----- RAW DATA -----

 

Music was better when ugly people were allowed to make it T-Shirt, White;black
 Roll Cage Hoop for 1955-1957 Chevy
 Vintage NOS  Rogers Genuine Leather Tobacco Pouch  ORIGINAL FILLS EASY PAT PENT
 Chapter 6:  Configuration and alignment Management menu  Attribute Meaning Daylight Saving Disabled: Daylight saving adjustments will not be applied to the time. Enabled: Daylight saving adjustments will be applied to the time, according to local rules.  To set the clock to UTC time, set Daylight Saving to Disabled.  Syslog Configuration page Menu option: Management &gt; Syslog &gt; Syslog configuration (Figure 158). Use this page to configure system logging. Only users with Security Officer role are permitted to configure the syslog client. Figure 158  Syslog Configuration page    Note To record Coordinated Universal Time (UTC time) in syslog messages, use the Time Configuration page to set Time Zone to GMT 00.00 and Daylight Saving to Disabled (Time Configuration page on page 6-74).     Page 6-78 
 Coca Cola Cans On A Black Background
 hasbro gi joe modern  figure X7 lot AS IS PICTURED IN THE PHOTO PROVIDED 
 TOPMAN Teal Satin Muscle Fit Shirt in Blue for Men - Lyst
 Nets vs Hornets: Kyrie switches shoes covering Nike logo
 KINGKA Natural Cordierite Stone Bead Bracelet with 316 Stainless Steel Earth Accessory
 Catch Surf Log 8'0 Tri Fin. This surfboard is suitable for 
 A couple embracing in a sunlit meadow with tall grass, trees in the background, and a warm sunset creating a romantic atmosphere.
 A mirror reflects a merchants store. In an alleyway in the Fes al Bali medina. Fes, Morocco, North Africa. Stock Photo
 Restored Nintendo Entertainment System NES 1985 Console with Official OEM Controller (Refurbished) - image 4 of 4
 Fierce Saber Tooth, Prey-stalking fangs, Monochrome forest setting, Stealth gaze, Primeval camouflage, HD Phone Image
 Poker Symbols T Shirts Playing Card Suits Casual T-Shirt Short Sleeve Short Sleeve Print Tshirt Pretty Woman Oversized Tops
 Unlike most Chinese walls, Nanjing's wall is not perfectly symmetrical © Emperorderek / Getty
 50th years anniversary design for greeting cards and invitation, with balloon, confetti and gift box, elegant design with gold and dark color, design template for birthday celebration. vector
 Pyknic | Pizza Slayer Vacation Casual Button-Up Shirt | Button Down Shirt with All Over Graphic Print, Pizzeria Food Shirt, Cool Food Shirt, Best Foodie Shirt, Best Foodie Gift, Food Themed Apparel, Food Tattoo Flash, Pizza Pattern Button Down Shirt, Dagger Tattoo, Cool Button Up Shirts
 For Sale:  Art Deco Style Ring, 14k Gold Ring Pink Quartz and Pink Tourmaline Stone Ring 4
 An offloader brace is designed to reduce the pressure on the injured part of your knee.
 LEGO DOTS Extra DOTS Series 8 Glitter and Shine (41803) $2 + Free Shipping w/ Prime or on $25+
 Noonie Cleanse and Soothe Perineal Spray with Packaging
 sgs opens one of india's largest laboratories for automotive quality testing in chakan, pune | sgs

-----

- WHAT IS REQUIRED
Each line from the one containing "An offloader brace" through the last line of the entries is to be copied exactly, with no other lines added.

- ANSWER TO THE PROBLEM
 An offloader brace is designed to reduce the pressure on the injured part of your knee.
 LEGO DOTS Extra DOTS Series 8 Glitter and Shine (41803) $2 + Free Shipping w/ Prime or on $25+
 Noonie Cleanse and Soothe Perineal Spray with Packaging
 sgs opens one of india's largest laboratories for automotive quality testing in chakan, pune | sgs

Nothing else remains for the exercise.